* [Exercise requirements] Restate the listing that follows word for word, without its pictures.

:: Data block ::

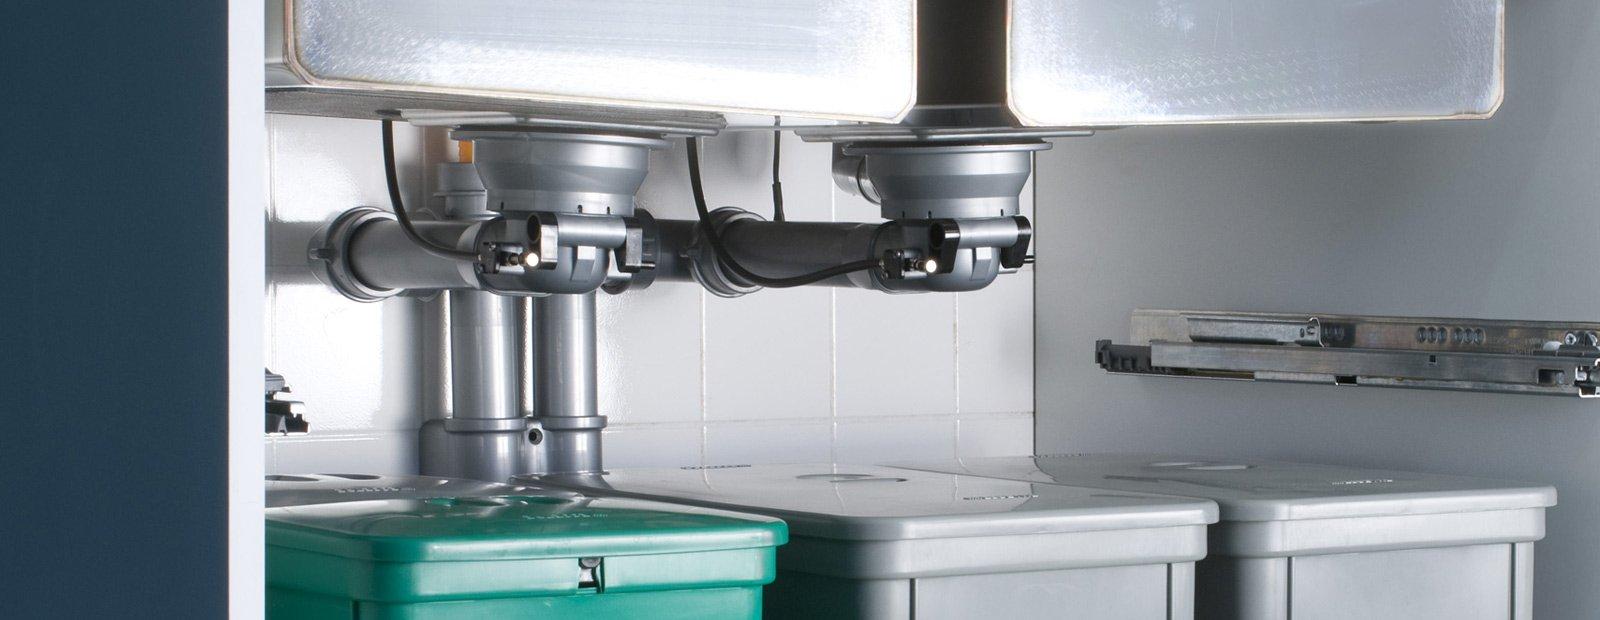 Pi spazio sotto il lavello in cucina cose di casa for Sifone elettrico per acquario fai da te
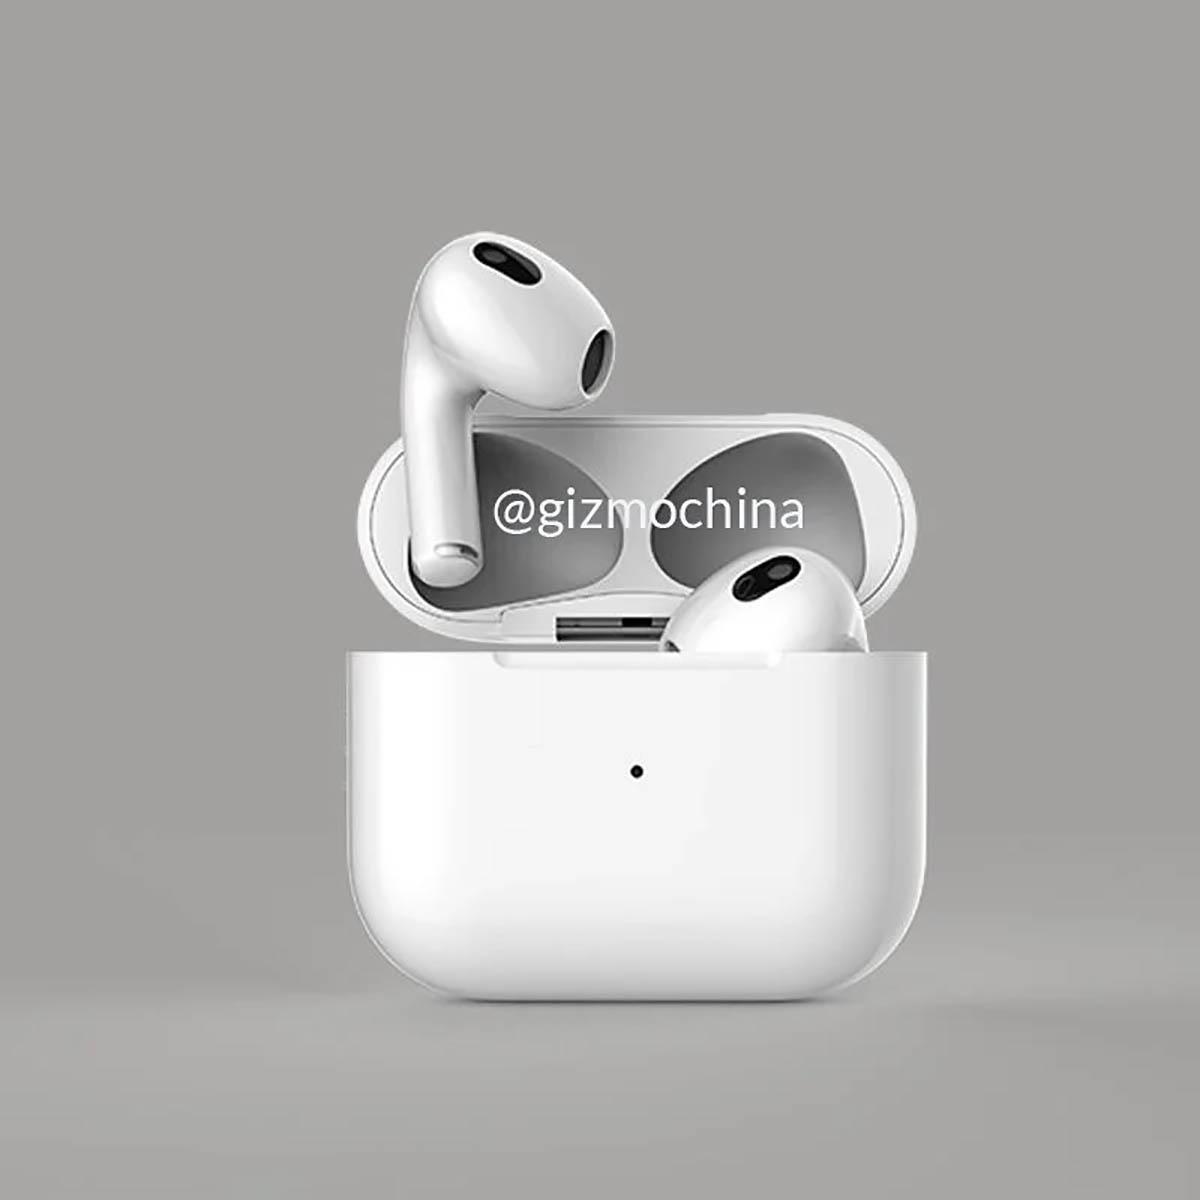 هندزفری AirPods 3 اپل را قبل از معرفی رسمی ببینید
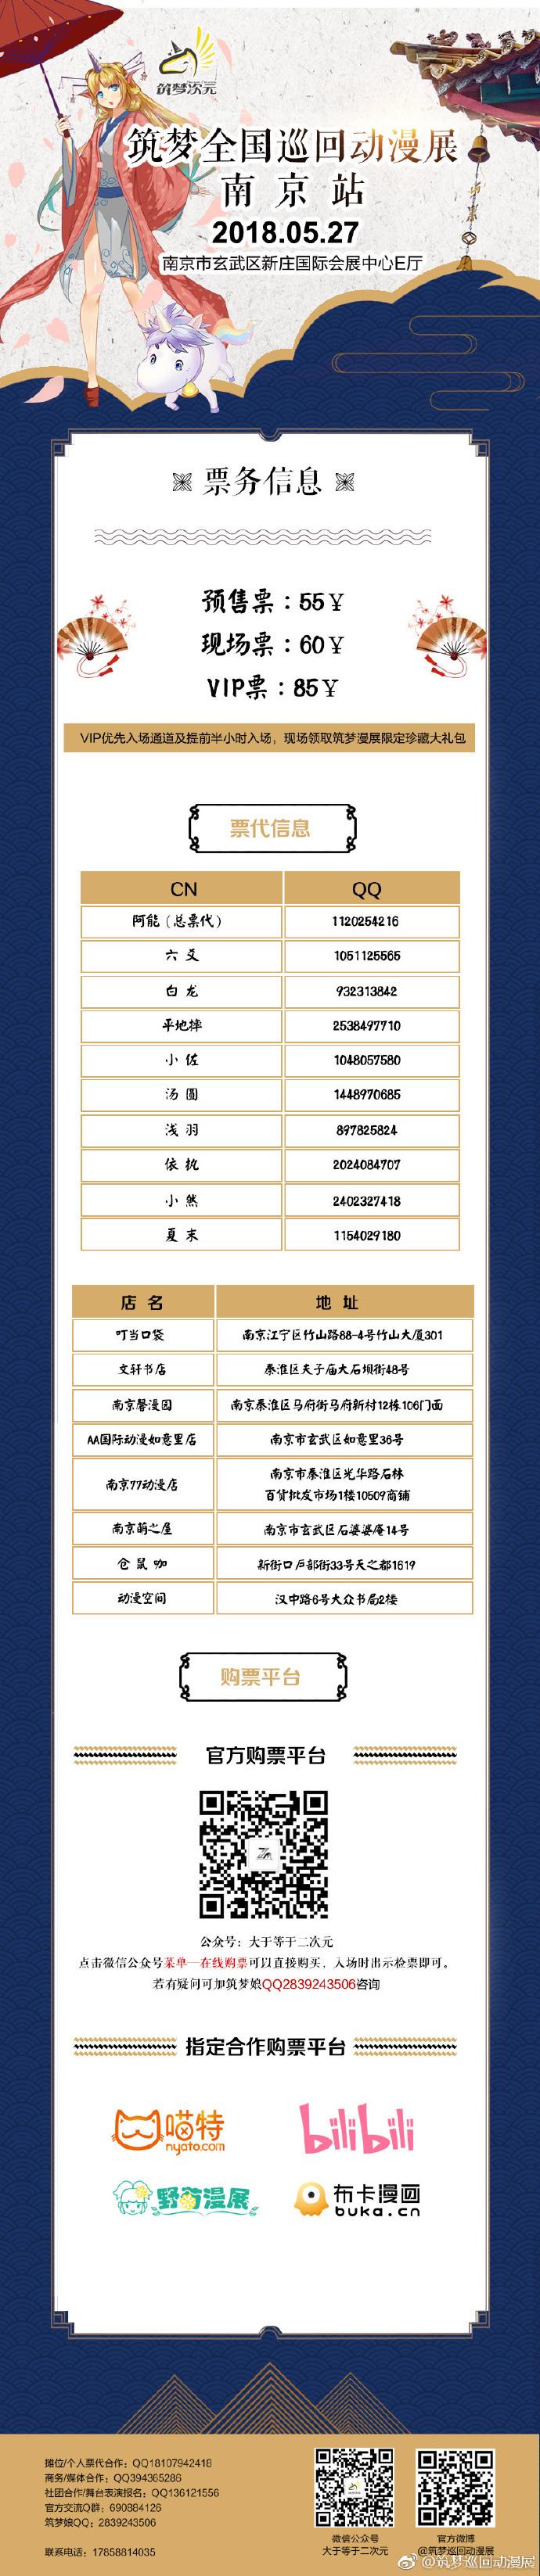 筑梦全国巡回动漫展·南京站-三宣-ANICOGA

:::

* [Answer to the exercise]
 Pi spazio sotto il lavello in cucina cose di casa for Sifone elettrico per acquario fai da te
 هندزفری AirPods 3 اپل را قبل از معرفی رسمی ببینید
 筑梦全国巡回动漫展·南京站-三宣-ANICOGA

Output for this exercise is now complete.